### Exercise data

────────────────────

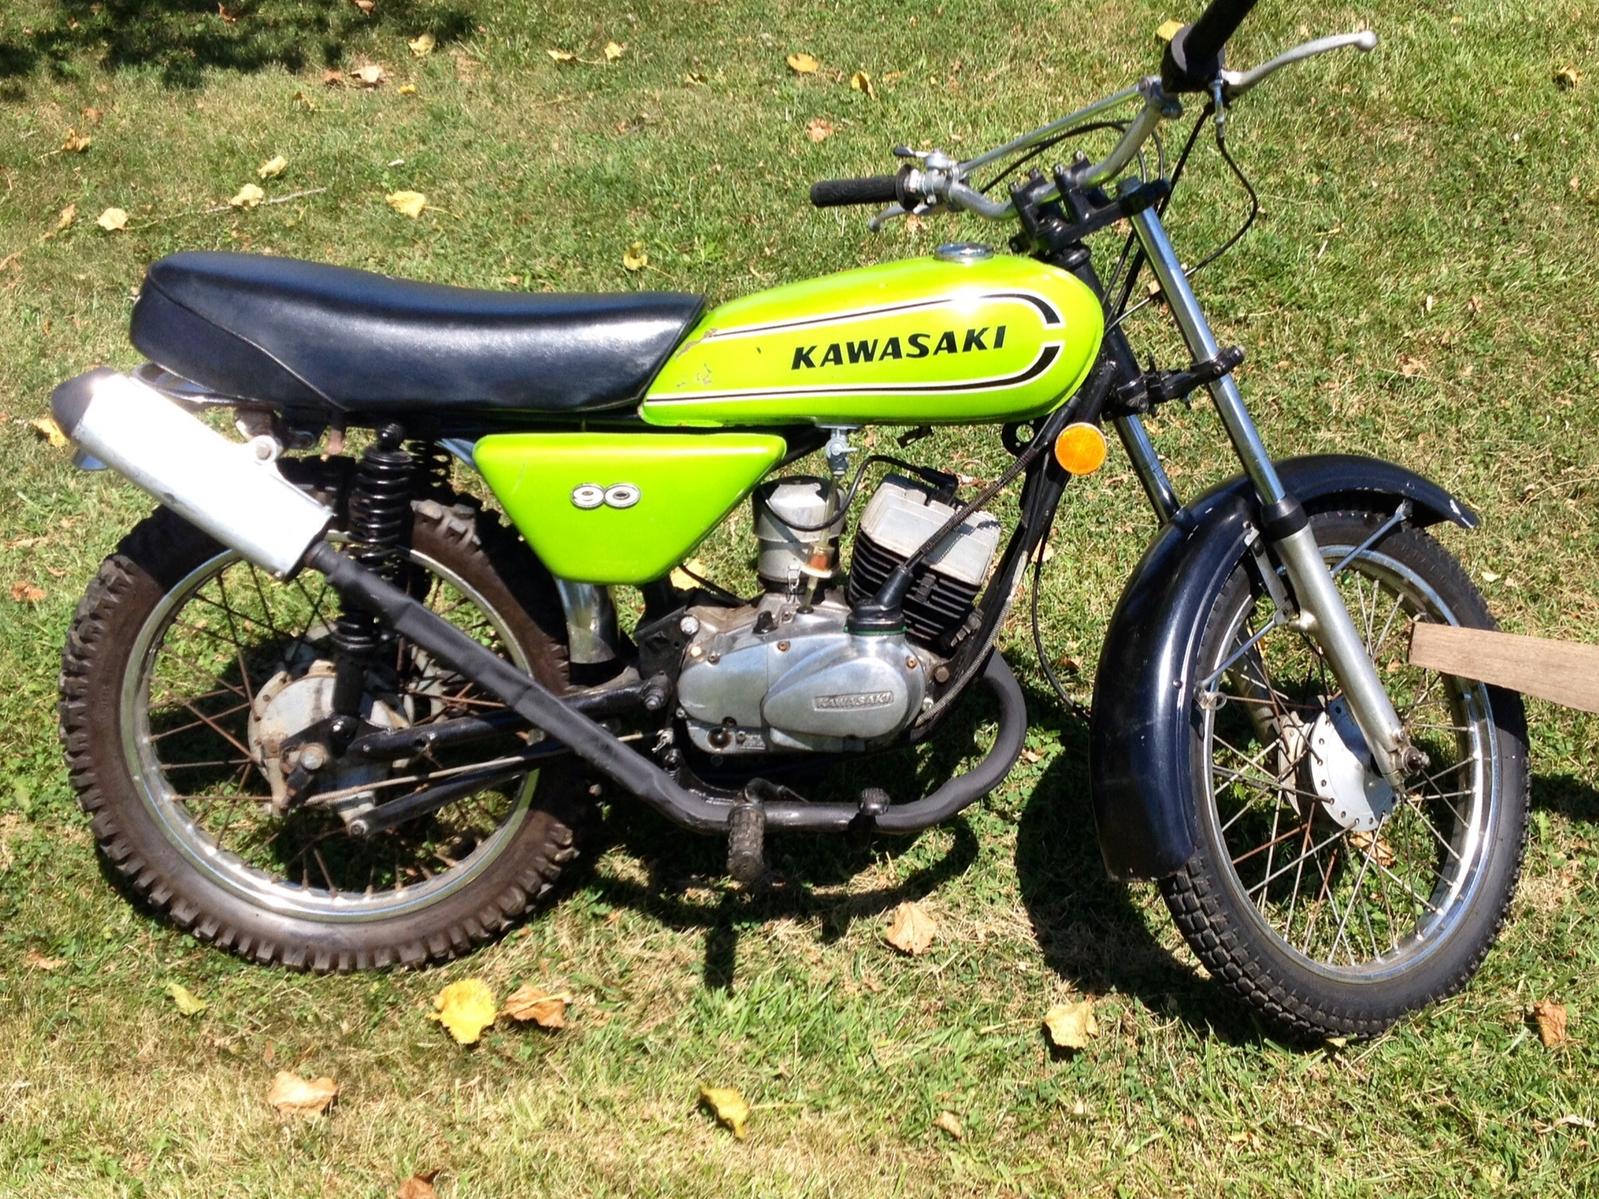 Kawasaki 90 G3ss Specs South Bay Riders
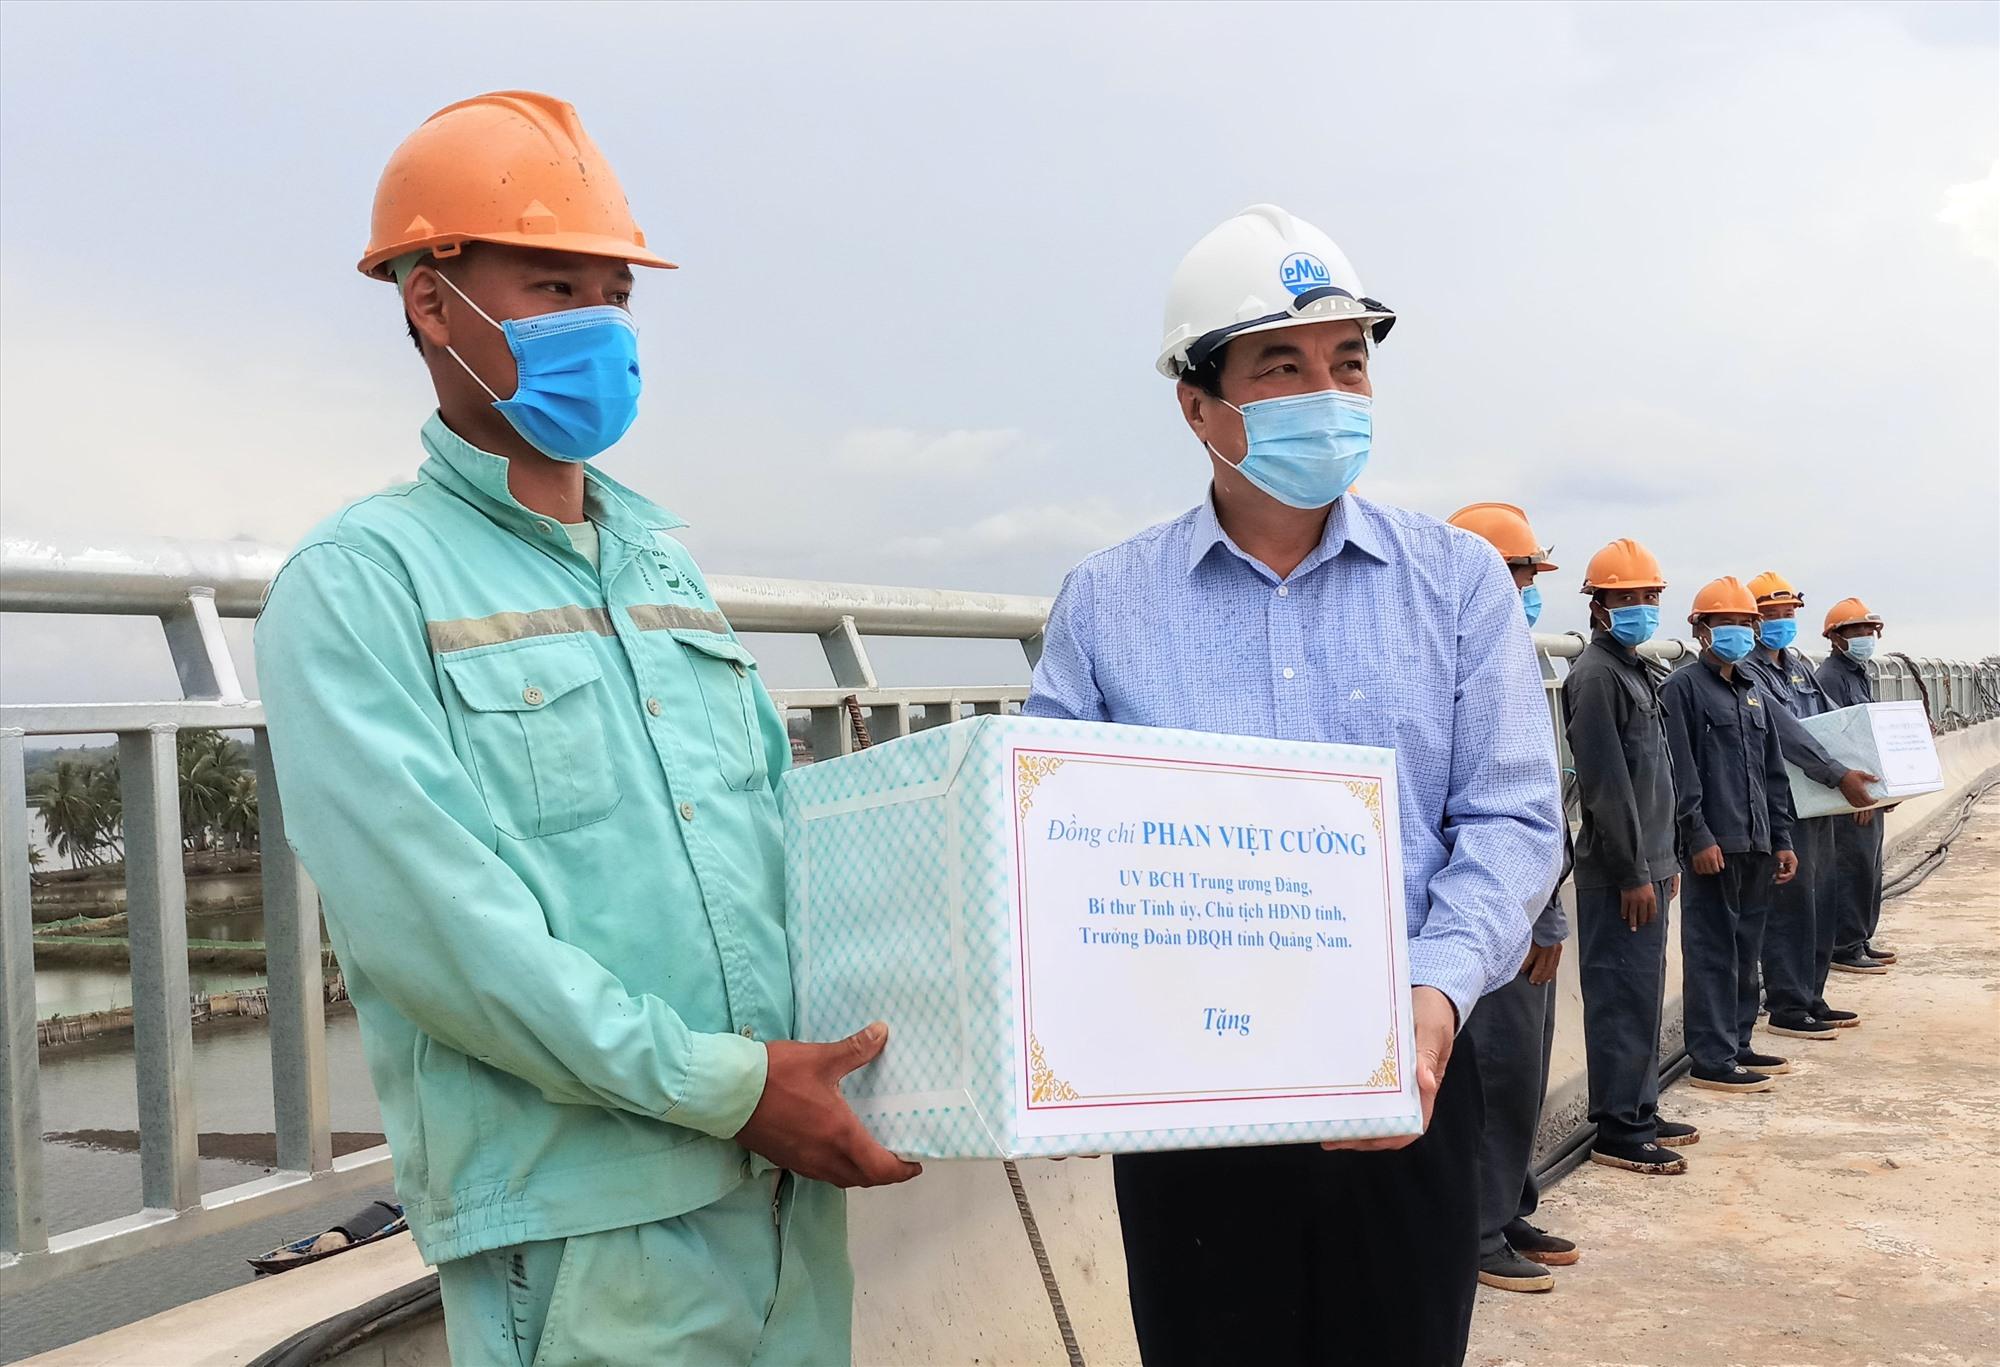 Bí thư Tỉnh ủy Phan Việt Cường tặng quà động viên công nhân thi công dự án trong chuyến kiểm tra vào chiều ngày 12.8 vừa qua. Ảnh: C.T
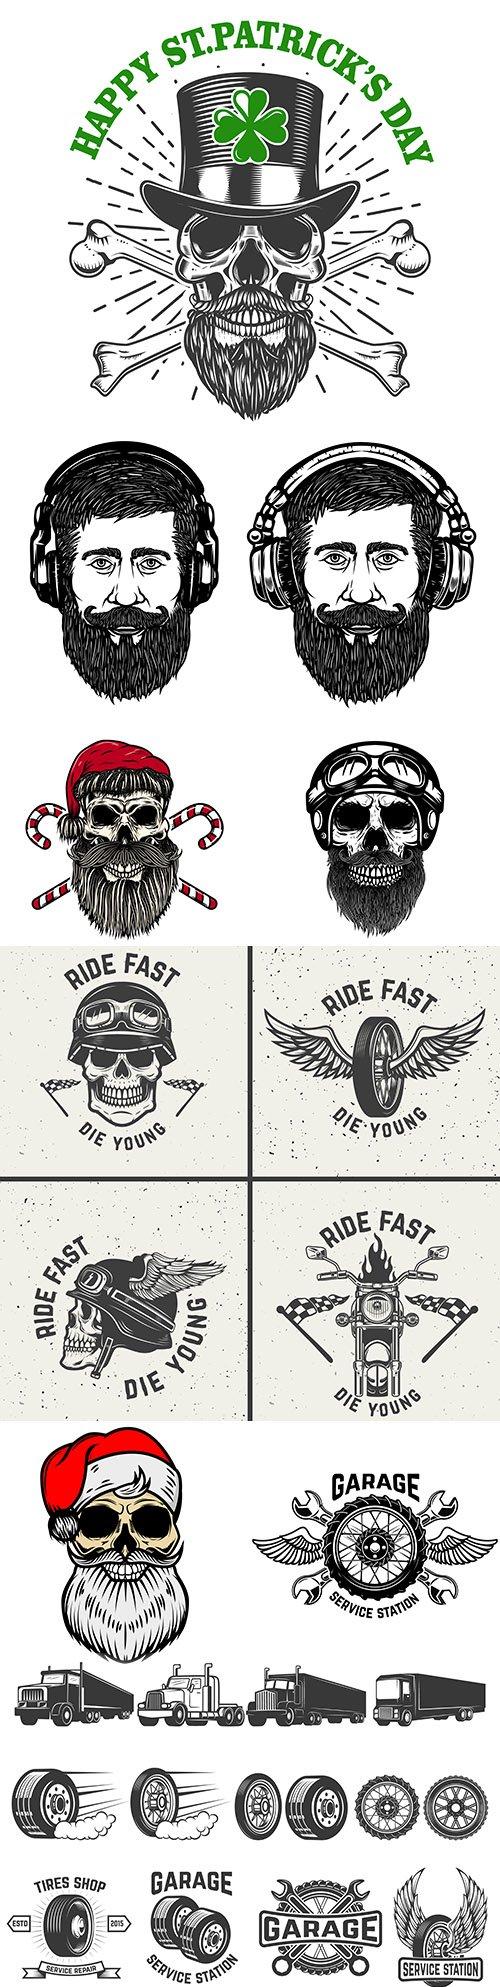 Vintage elements and emblem design illustration

────────────────────

### What the task asks
Send back every line of the listing exactly. Omit the images.

### Solved problem
 Kawasaki 90 G3ss Specs South Bay Riders
 Bí thư Tỉnh ủy Phan Việt Cường tặng quà động viên công nhân thi công dự án trong chuyến kiểm tra vào chiều ngày 12.8 vừa qua. Ảnh: C.T
 Vintage elements and emblem design illustration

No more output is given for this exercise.